Research backs him up: Lawrence Berkeley National Laboratory scientists found that over six years of follow-up, runners decreased their risk of developing diabetes by 12 percent compared to people who didn’t work out.
And, if you already have diabetes, running can improve your blood glucose control and keep you healthier, longer. In one decade-long study, people with the condition who ran or walked were less likely to die of everything from heart disease and kidney disease to sepsis and pneumonia.
Less jacked-up joints
Nearly every runner’s had to deal with friends and family expressing concern for their delicate knees. “The idea that you’re going to run your knees into the ground sounds good, but it’s not true,” Dr.

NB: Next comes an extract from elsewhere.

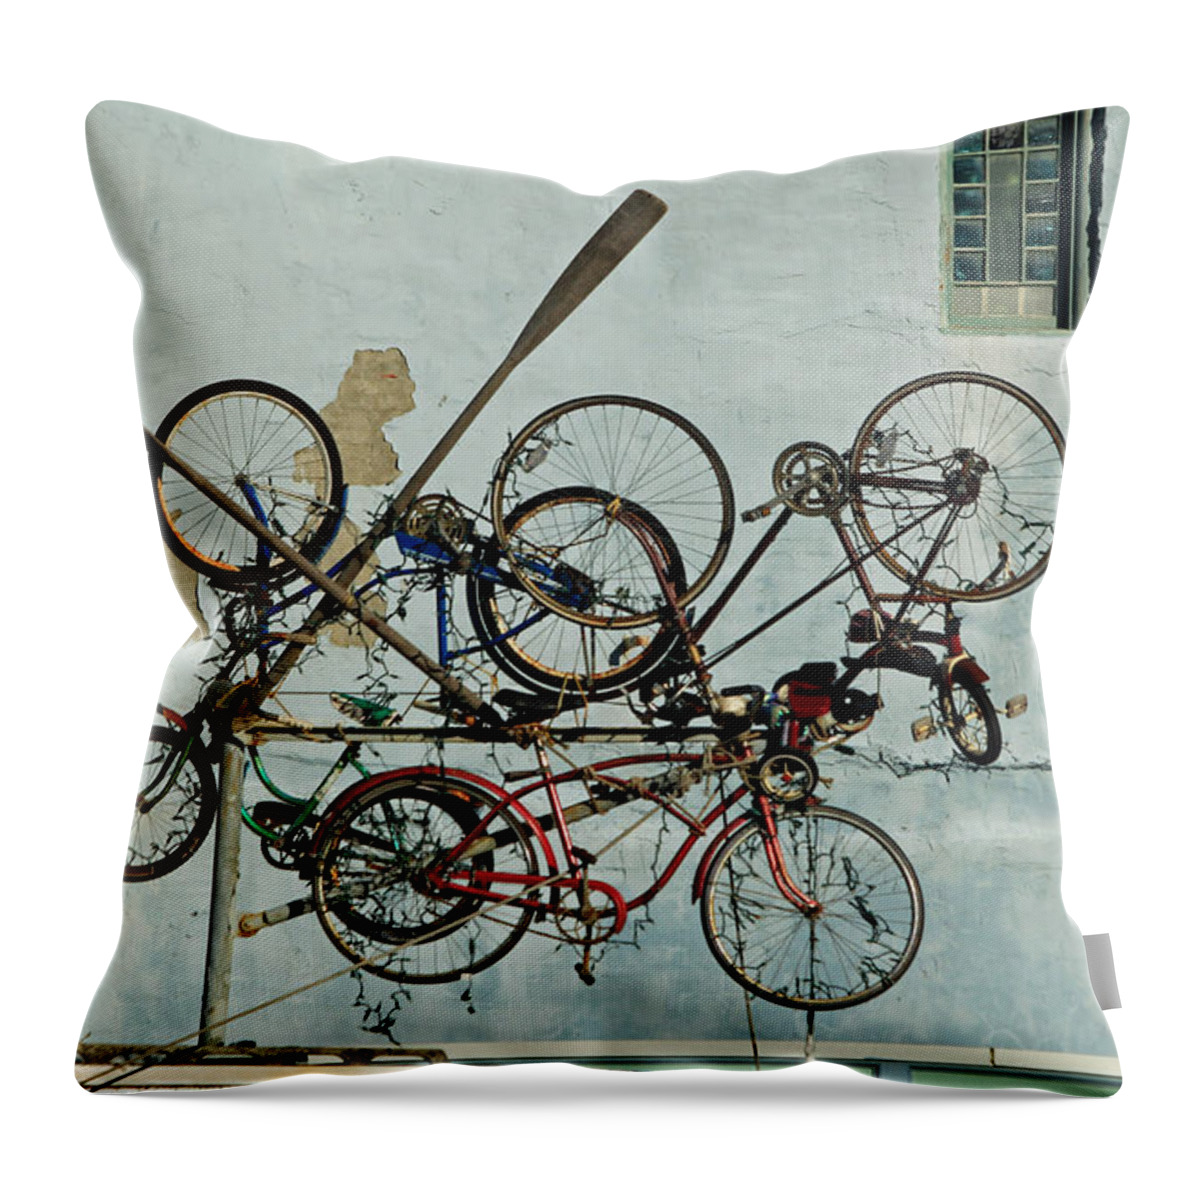 Abstract Photography Throw Pillow featuring the photograph Wheels Up by E Faithe Lester

Metzl says.
In fact, large studies have show runners actually have a lower chance of developing osteoarthritis than other people—and the sport doesn’t even worsen the disease in people who already have it.
Why? Runners’ leaner frames put less pressure on joints, and repetitive loading of the knees and hips actually strengthens cartilage, Dr. Metzl says. Also, new evidence suggests running may decrease levels of inflammatory chemicals implicated in the development of degenerative joint disease.
Less chance of developing—or dying—of cancer
Exercising regularly can reduce your risk of approximately 13 types of cancer, Dr. Metzl says. Running specifically has proven powerful in both reducing the risk of a new diagnosis and improving the prognosis of those affected by the disease.
For example, according to a study published in Medicine & Science in Sports & Exercise, people who used running to meet the government’s physical activity guidelines had a 61 percent reduced risk of kidney cancer, and cut that rate even lower if they ran more.
Another, in the International Journal of Cancer, suggested women with breast cancer had a lower risk of dying of the disease if they ran regularly than if they walked instead. And either activity seems to reduce the risk of dying of brain cancer.
Scientists are still working to untangle the exact mechanisms. Reduced levels of hormones like estrogen and insulin in regular runners may play a role. Another theory, supported by animal research, holds that the epinephrine released while running stimulates the production of natural-killer immune cells.
A slowdown of the aging process
Not only do runners often live longer, they also tend to spend their later years in better health—a phenomenon called, in catchy medical terms, compression of morbidity.
In one 21-year study, runners had lower scores on test measuring disability, whereas non-runners experienced significant difficulty performing at least one task associated with regular daily functioning.
Running may even keep you younger deep down at the cellular level. In a 2018 study published in the European Heart Journal, endurance exercise—which includes running—increased both the production of an enzyme called telomerase and the length of telomeres, DNA sequences that cap our chromosomes and protect cells from age-related decline.